What changes are included in this PR?

Use an arc swap to hold the cached credential, and acquire a mutex only if the credential's ttl is expired.

Are there any user-facing changes?

No

crepererum · 2025-11-10T14:00:09Z

Instead of a new dependency a RwLock would probably do what you need for #541. This way the queries wouldn't content and you still can override/update/replace the credentials using a writer thread.

alamb

Thank you @ankrgyl

alamb · 2025-11-10T16:13:50Z

src/client/token.rs

 #[derive(Debug)]
 pub(crate) struct TokenCache<T> {
-    cache: Mutex<Option<(TemporaryToken<T>, Instant)>>,
+    cache: ArcSwapOption<CacheEntry<T>>,


So in general, unless we have benchmark results that show arc-swap is necessary, I am opposed to adding a new dependency

Did you try a RWLock before reaching for a new crate? I always worry about adding new crates like arcswap as I don't want to have to deal with a RUSTSEC report if/when it becomes abandoned.

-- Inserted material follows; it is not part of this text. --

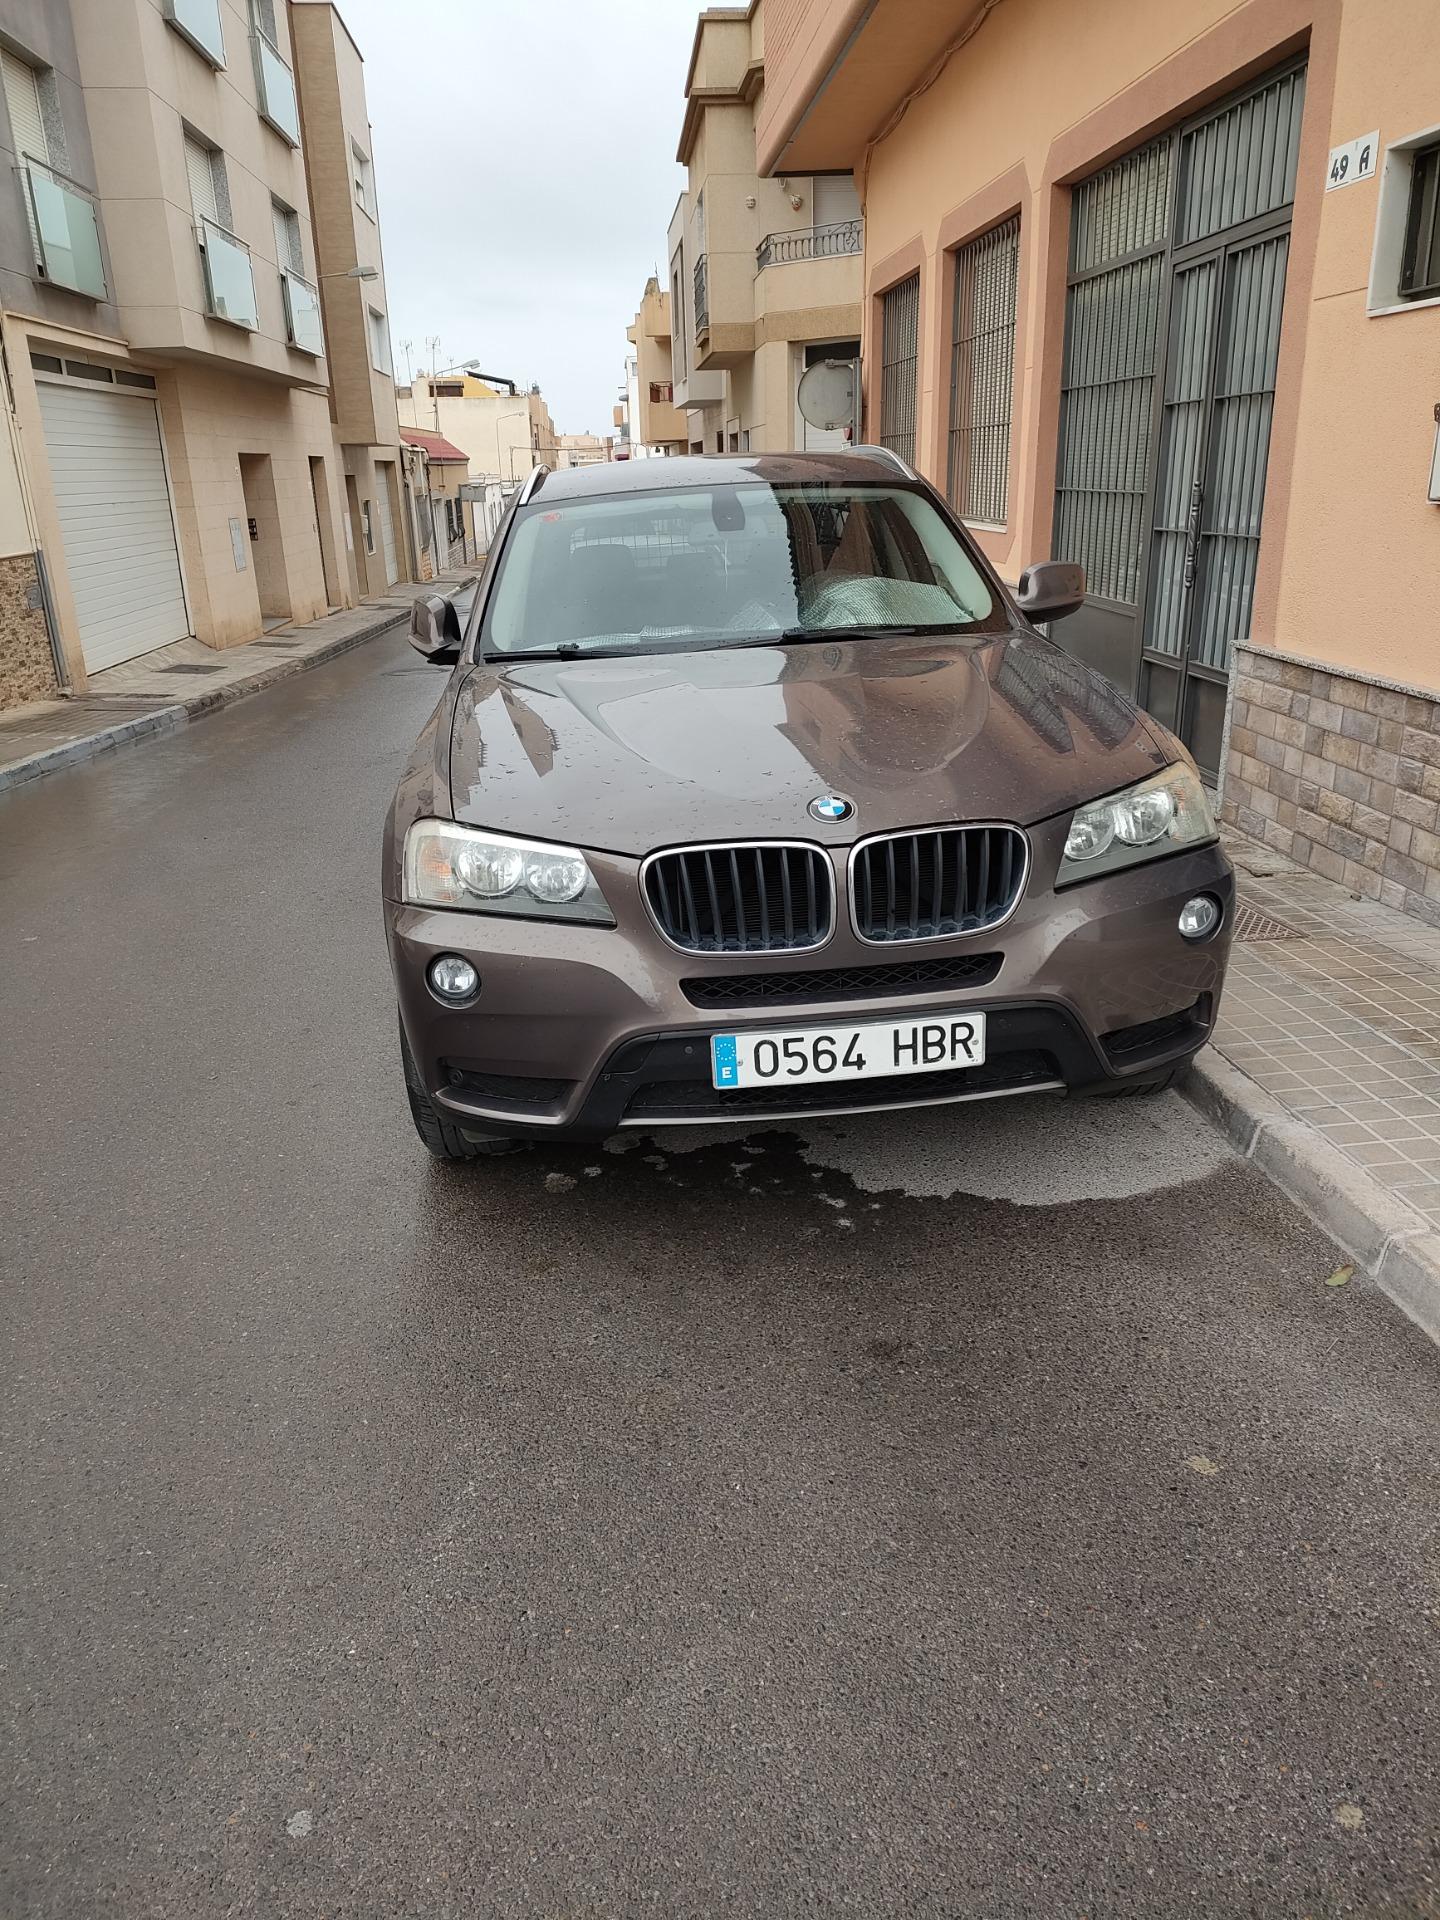 Foto 1 de BMW X3

I do see there are many other users

RWLocks would allow multiple concurrent readers but if you had a lot of writers you might still have contention. If the you find update contention is too much, you could change to use RWLock<Arc<..>> so that the lock only needs to be held to clone an Arc

I understand the docs for arc swap claims https://docs.rs/arc-swap/latest/arc_swap/

Better option would be to have RwLock<Arc>. Then one would lock, clone the Arc and unlock. This suffers from CPU-level contention (on the lock and on the reference count of the Arc) which makes it relatively slow. Depending on the implementation, an update may be blocked for arbitrary long time by a steady inflow of readers.

I would imagine the overhead of actually using the token (making an HTTP request) is pretty huge compared to getting a lock.

Sorry I just saw this after writing my other comment.

I would imagine the overhead of actually using the token (making an HTTP request) is pretty huge compared to getting a lock.

The problem with the previous design, which may not apply to an RwLock (and sure, I will benchmark it and report back), is that "waiting in line" for the mutex would become so expensive with a high number of concurrent requests (eg. HEAD requests with 8ms p50 latencies), that it actually overwhelmed tokio's worker threads and dominated the execution time (we saw p50 "HEAD" operation latency spike to 700ms, and realized the mutex was the root cause).

Let me run a benchmark with arc swap vs. RwLock and report back

Let me run a benchmark with arc swap vs. RwLock and report back

👍

ankrgyl · 2025-11-10T16:16:15Z

Instead of a new dependency a RwLock would probably do what you need for #541. This way the queries wouldn't content and you still can override/update/replace the credentials using a writer thread.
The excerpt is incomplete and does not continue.